2. Im Gegensatz zur Rechtslage vor dem KindNamRÄG 2013 soll nunmehr die Obsorge beider Elternteile eher die Regel sein (RIS‑Justiz RS0128811). Der Zugang beider Eltern zur Obsorge soll demnach nicht durch einen Elternteil nur aus eigenen Interessen verhindert werden können.
3. Für die Anordnung der beiderseitigen Obsorge ‑ auch gegen den Willen eines Elternteils ‑ ist entscheidend, ob die Alleinobsorge eines Elternteils oder die Obsorge beider Eltern dem Wohl des Kindes besser entspricht (RIS‑Justiz RS0128812) und welche Anliegen und Vorstellungen das urteilsfähige Kind selbst dazu äußert. Auch nach der neuen Rechtslage stellt der Wille des Kindes ein in dieser Hinsicht relevantes Kriterium dar (RIS‑Justiz RS0048820).

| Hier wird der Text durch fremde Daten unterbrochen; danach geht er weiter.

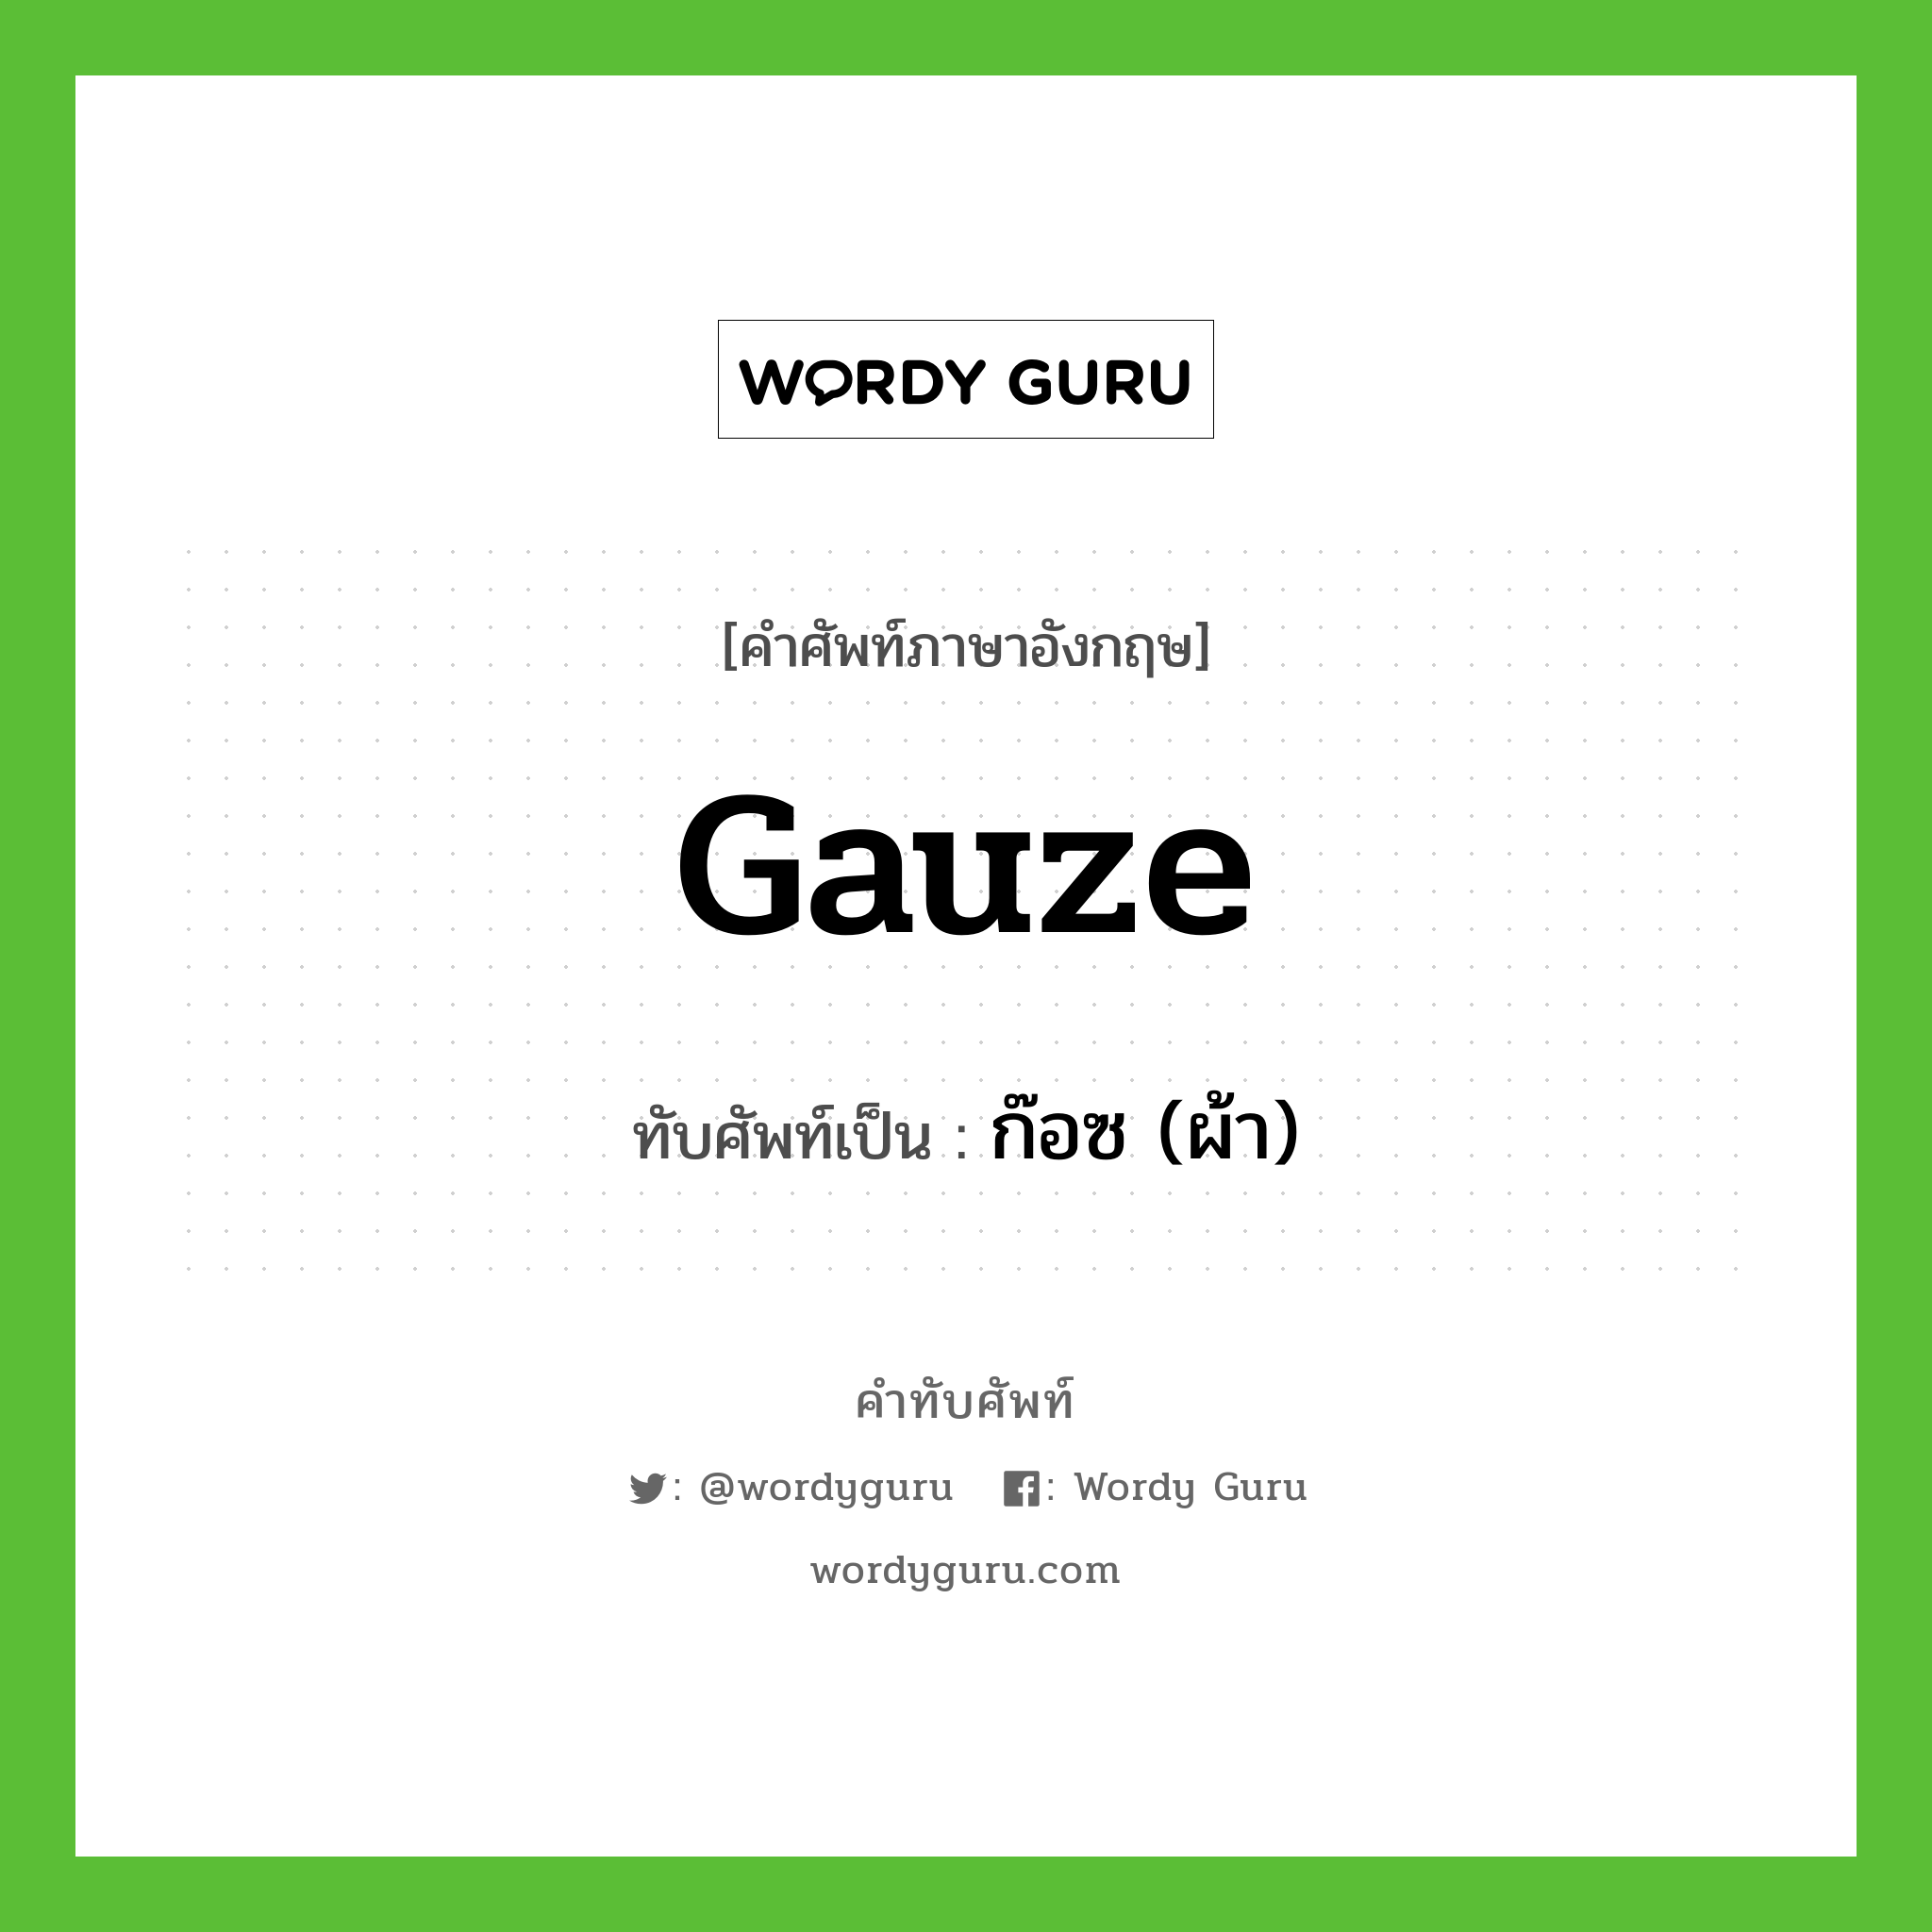 gauze เขียนเป็นคำไทยว่าอะไร?, คำศัพท์ภาษาอังกฤษ gauze ทับศัพท์เป็น ก๊อซ (ผ้า)

4. Es entspricht der ständigen Rechtsprechung, dass eine sinnvolle Ausübung der Obsorge beider Eltern ein gewisses Mindestmaß an Kooperations‑ und Kommunikationsfähigkeit voraussetzt. Um Entscheidungen im Sinn des Kindeswohls treffen zu können, ist es erforderlich, in entsprechend sachlicher Form Informationen auszutauschen und einen Entschluss zu fassen. Zumindest in absehbarer Zeit ist die (Wieder‑)Herstellung einer entsprechenden Gesprächsbasis zu verlangen (vgl RIS‑Justiz RS0128812). Ob und unter welchen Voraussetzungen damit zu rechnen ist, hängt wiederum von den konkreten Umständen des Einzelfalls ab.
5. Nach den im vorliegenden Fall getroffenen Feststellungen sind beide Elternteile im Umgang mit den Kinder sehr liebevoll, bemüht und wertschätzend. Die Kinder haben eine gute, vertrauensvolle, emotionale Beziehung sowohl zur Mutter als auch zum Vater. Es besteht der dringende Wunsch beider Kinder nach einer einvernehmlichen Lösung hinsichtlich der „gemeinsamen“ Obsorge (und auch des Kontaktrechts). Zwischen den Eltern besteht ein gewisses Mindestmaß an Kommunikationsfähigkeit. Mittels E‑Mail können sie auf einer sachlichen Ebene miteinander kommunizieren, weshalb die Mutter diese Art der Kommunikation als positiv empfindet. Es wird zwecks Austausch über die Kinder ein umfangreicher E‑Mail‑Verkehr gepflegt. Daneben findet auch eine Kommunikation per SMS statt. Es besteht eine gewisse Kooperationsbereitschaft.
Die Rechtsansicht des Rekursgerichts, die zwischen den Eltern geführte Kommunikation stelle ‑ ungeachtet der weiterhin gegebenen Konflikte ‑ eine ausreichende Basis dar, um den Anforderungen einer gemeinsamen Obsorge gerecht zu werden, weicht von den wiedergegebenen Grundsätzen der Rechtsprechung nicht ab. Dass in anderen Einzelfällen die per SMS und per E‑Mail geführte Kommunikation nicht als ausreichende Gesprächsbasis erachtet worden ist, indiziert keinen Ermessensmissbrauch, weil es in erster Linie auf die jeweilige Bereitschaft zum Informationsaustausch ankommt und nicht auf die Art der Nachrichtenübermittlung (per E‑Mail bzw SMS). Wenn das Rekursgericht insbesondere im Hinblick auf die vom Erstgericht angeordnete Maßnahme des verpflichtenden Besuchs einer gemeinsamen Elternberatung (§ 107 Abs 3 AußStrG) von einer günstigen Prognose für eine verantwortungsvolle Kommunikation und Kooperation ausgegangen ist, bedarf auch dies keiner Korrektur durch den Obersten Gerichtshof.
Der außerordentliche Revisionsrekurs der Mutter war daher zurückzuweisen.